Elle monta, je la suivis. Ayant ouvert les deux battants de la porte charretière, Alburtin prit place au volant et pressa le démarreur.

Trois tours de roue, et la voiture fut dehors, sur la chaussée, grimpant la côte en deuxième vitesse. Mais nous n’avions pas encore viré au calvaire que plusieurs passants nous saluaient d’un « Bonjour, docteur ! »… entre autres les deux gendarmes.

— Nous voilà repérés ! c’était inévitable, grommela Alburtin, mettant en troisième vitesse.

— Mademoiselle ne peut évidemment pas partir par la gare de Cassis, déclarai-je. Le train ne passe que dans une demi-heure. Avant cela nous aurons dix journalistes sur le dos… Si vous avez une heure de plus à nous donner, docteur, c’est à Marseille qu’il faudrait nous conduire.

— Ça va ! fit laconiquement Alburtin, sans se retourner.

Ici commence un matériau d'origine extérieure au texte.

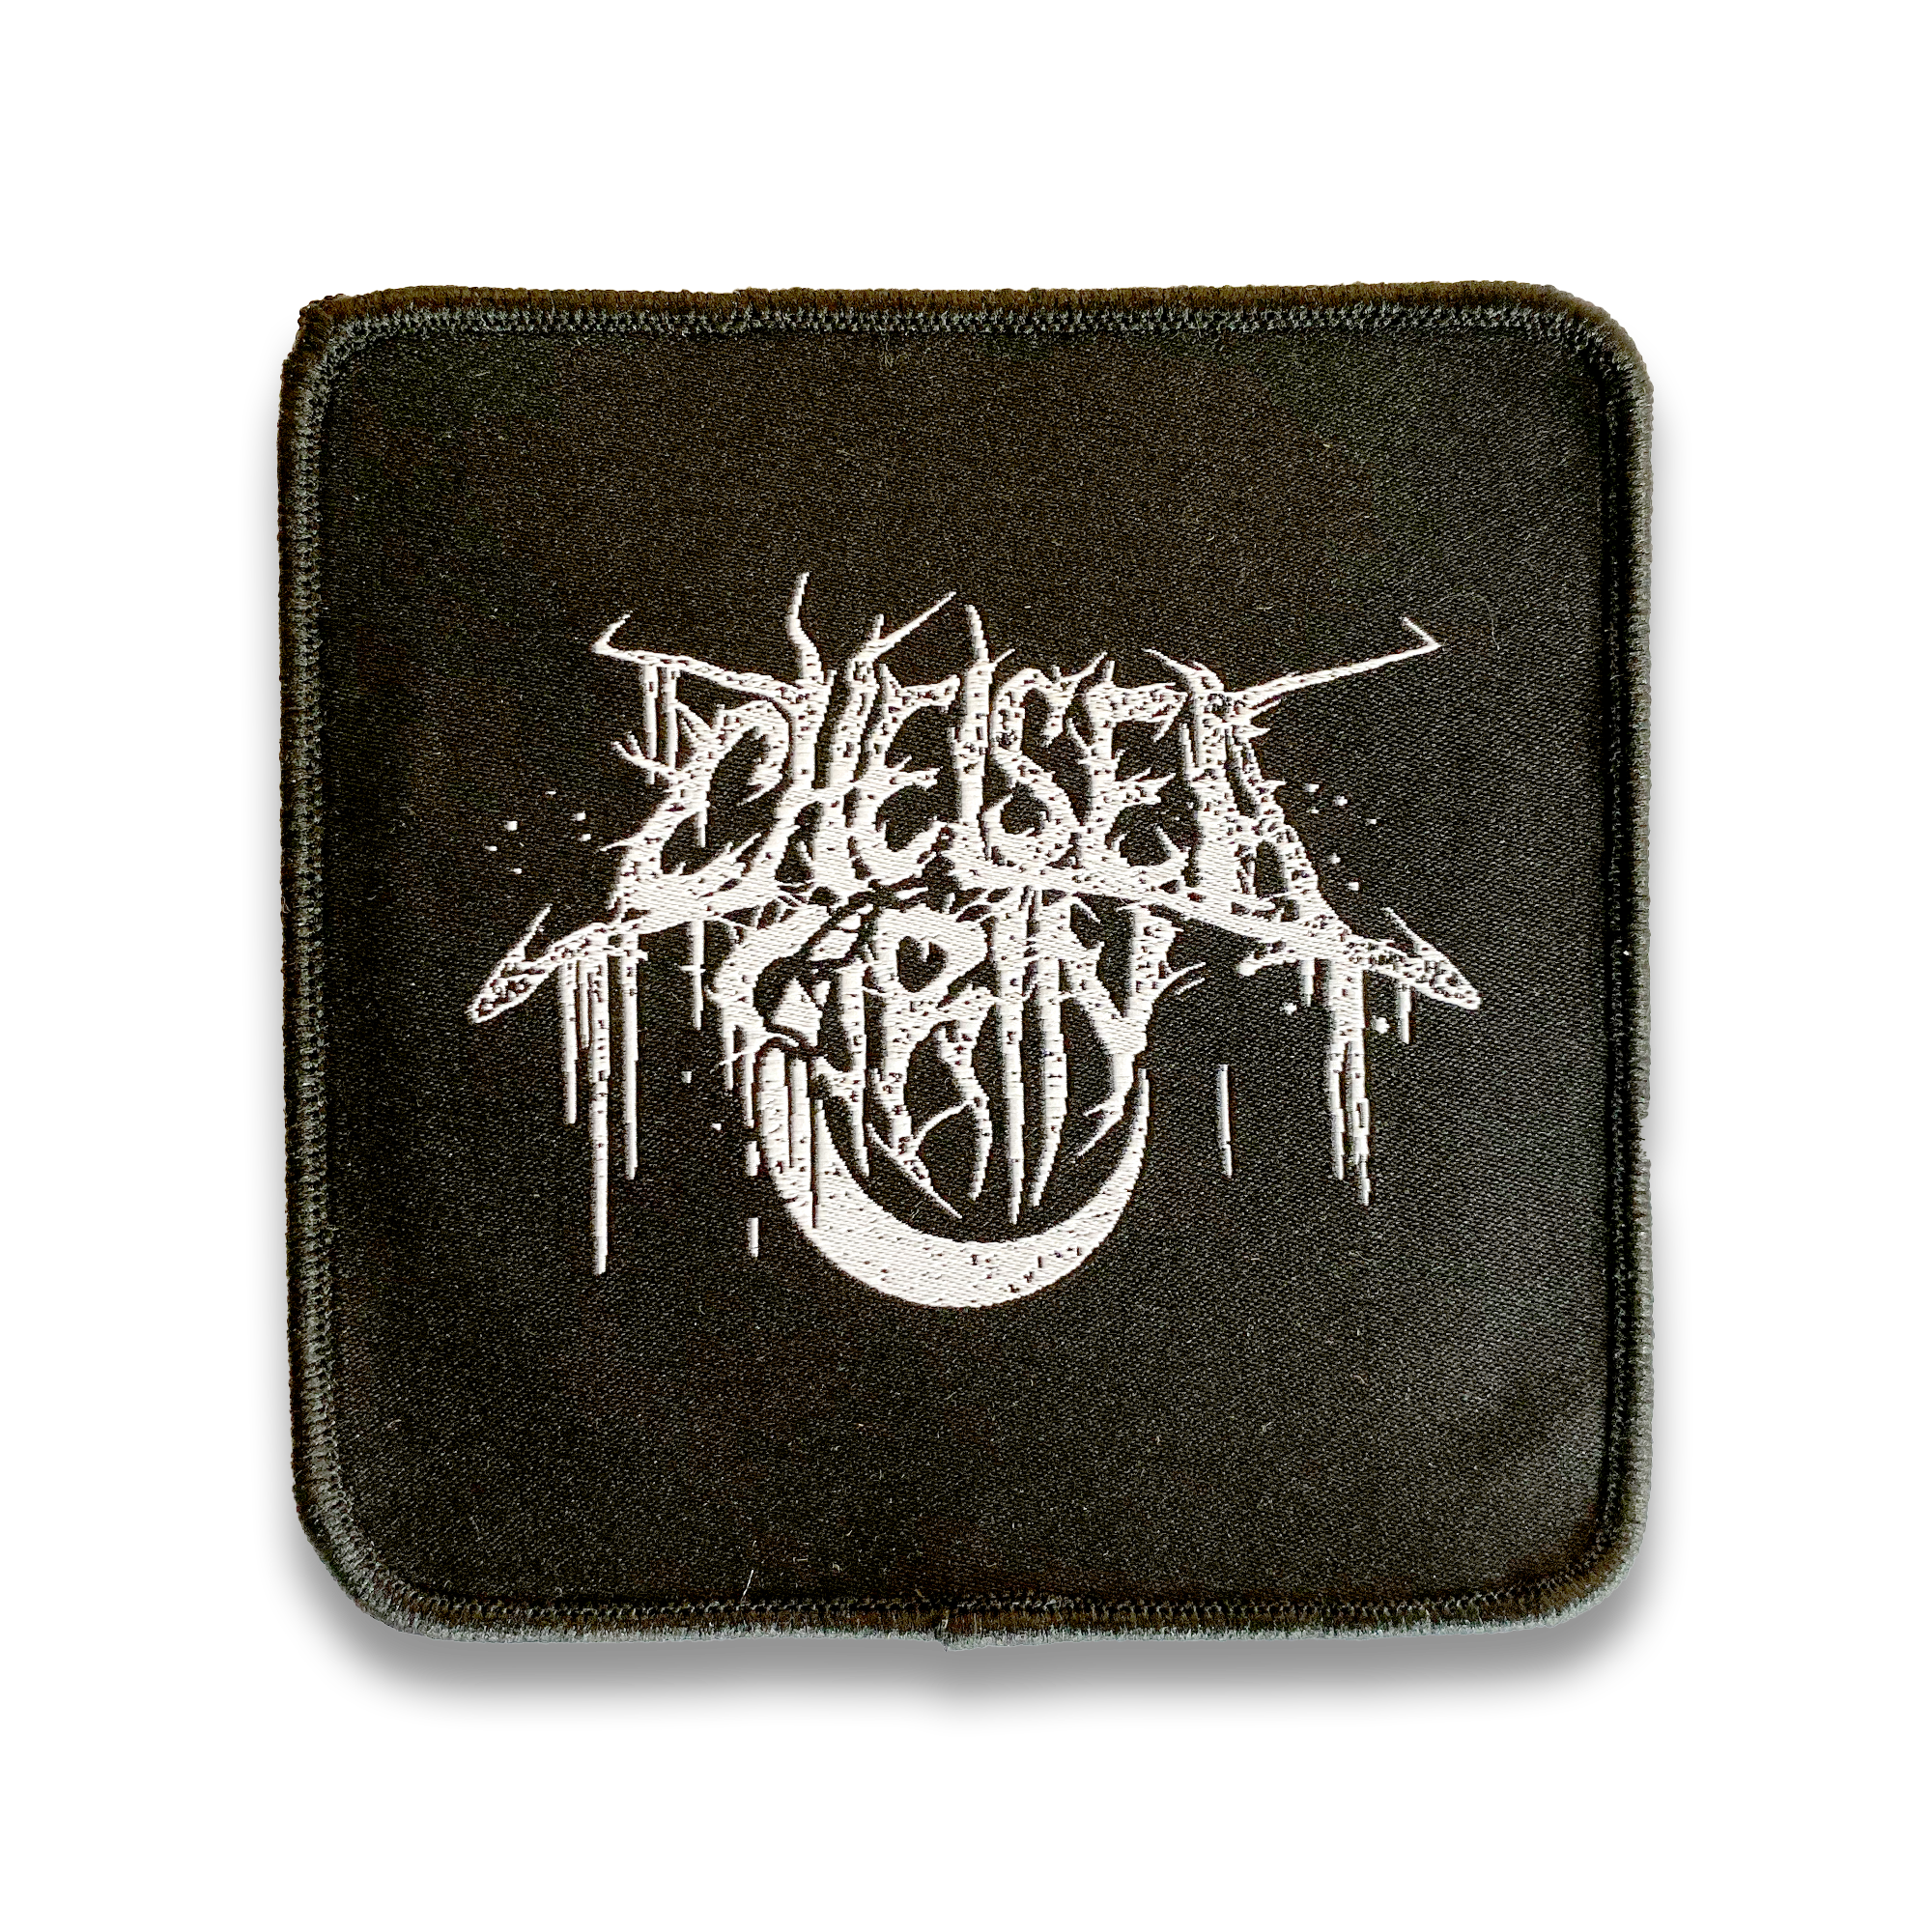 Chelsea Grin - Patch

Il y a trois kilomètres de la ville à la gare de Cassis. À mi-chemin donc, au lieu de continuer tout droit, nous tournâmes à gauche par la grand’route qui s’élève en lacets jusqu’au col de la Gineste, à travers des sites grandioses et farouches : ravines aux falaises à pic, pentes pelées de rocs calcaires se découpant sur l’azur cruel. À part moi, je songeais que les paysages de la Lune doivent ressembler à ceux-là. Mais je me gardai bien d’émettre ma réflexion à ma voisine, qui restait silencieuse, absorbée dans la contemplation vague de la route coulant sous nos roues son ruban goudronné.

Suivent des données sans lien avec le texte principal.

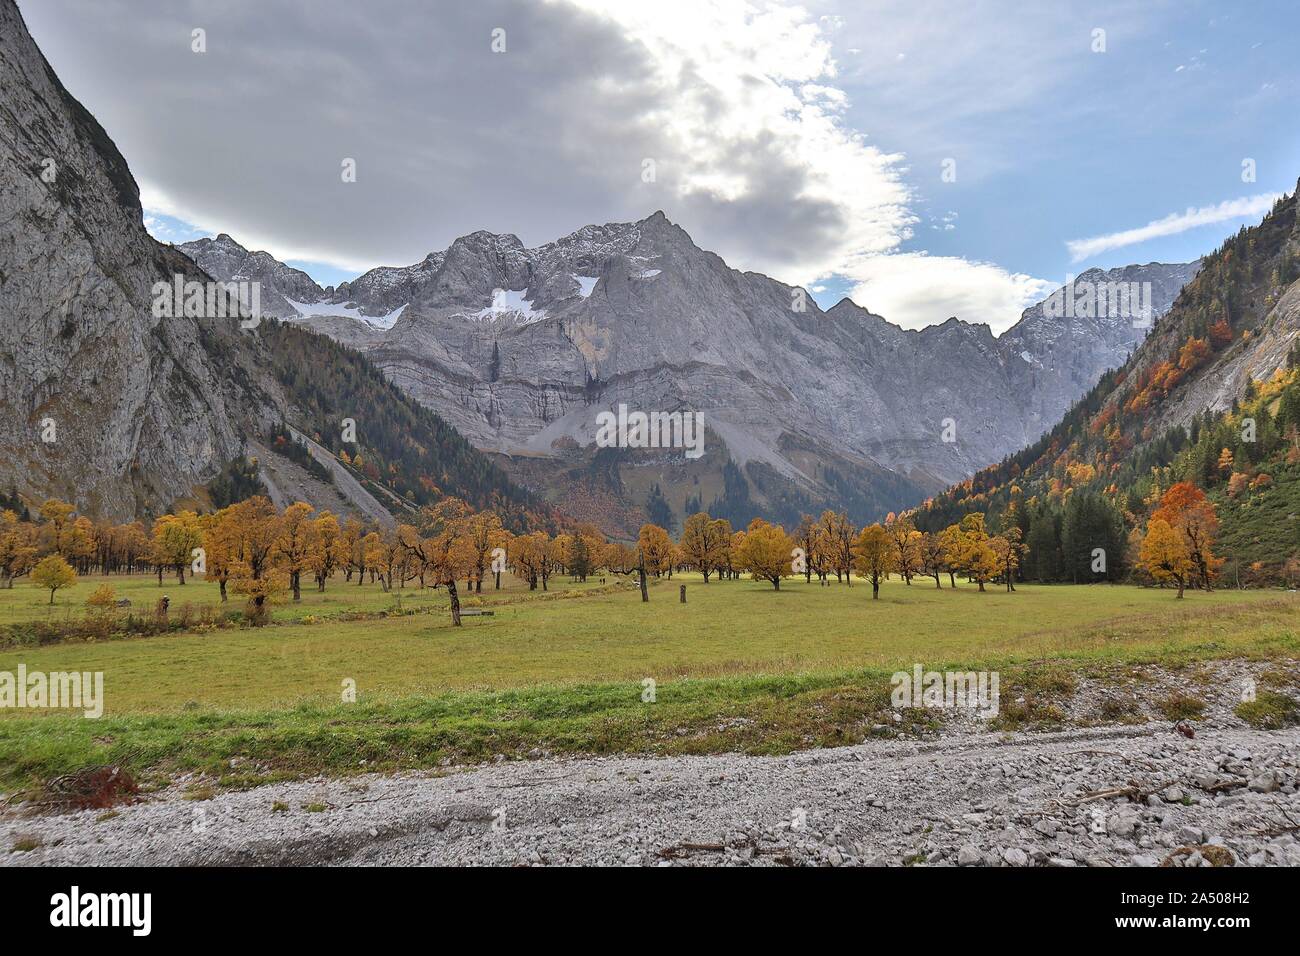 Eng, Austria 14.10. 2019: Impressions Grosser Ahornboden - 14.10.2019 Grosser Ahornboden in the Engtal. At the end of the valley the village of Eng in Tyrol, surrounded by the Karwendel mountains of Eiskarlspitze and Spritzkarspitze, the trademark is the numerous maple trees | usage worldwide Stock Photo

À plusieurs reprises depuis Cassis, Alburtin avait lâché le volant d’une main pour se gratter vivement la nuque, ce qui provoquait des embardées. Après une plus forte, arrivé au col de la Gineste, il fit halte.

— Toutes mes excuses, mademoiselle ! C’est idiot, mais je suis dévoré de puces. Si je n’ai pas deux minutes de répit, je n’arriverai pas à conduire proprement dans la descente. (Et il se gratta sans vergogne, avec une rage joviale). Mademoiselle, je crains que vous n’en ayez eu aussi ? Ma femme s’en est plainte ; il doit y en avoir une invasion à la clinique…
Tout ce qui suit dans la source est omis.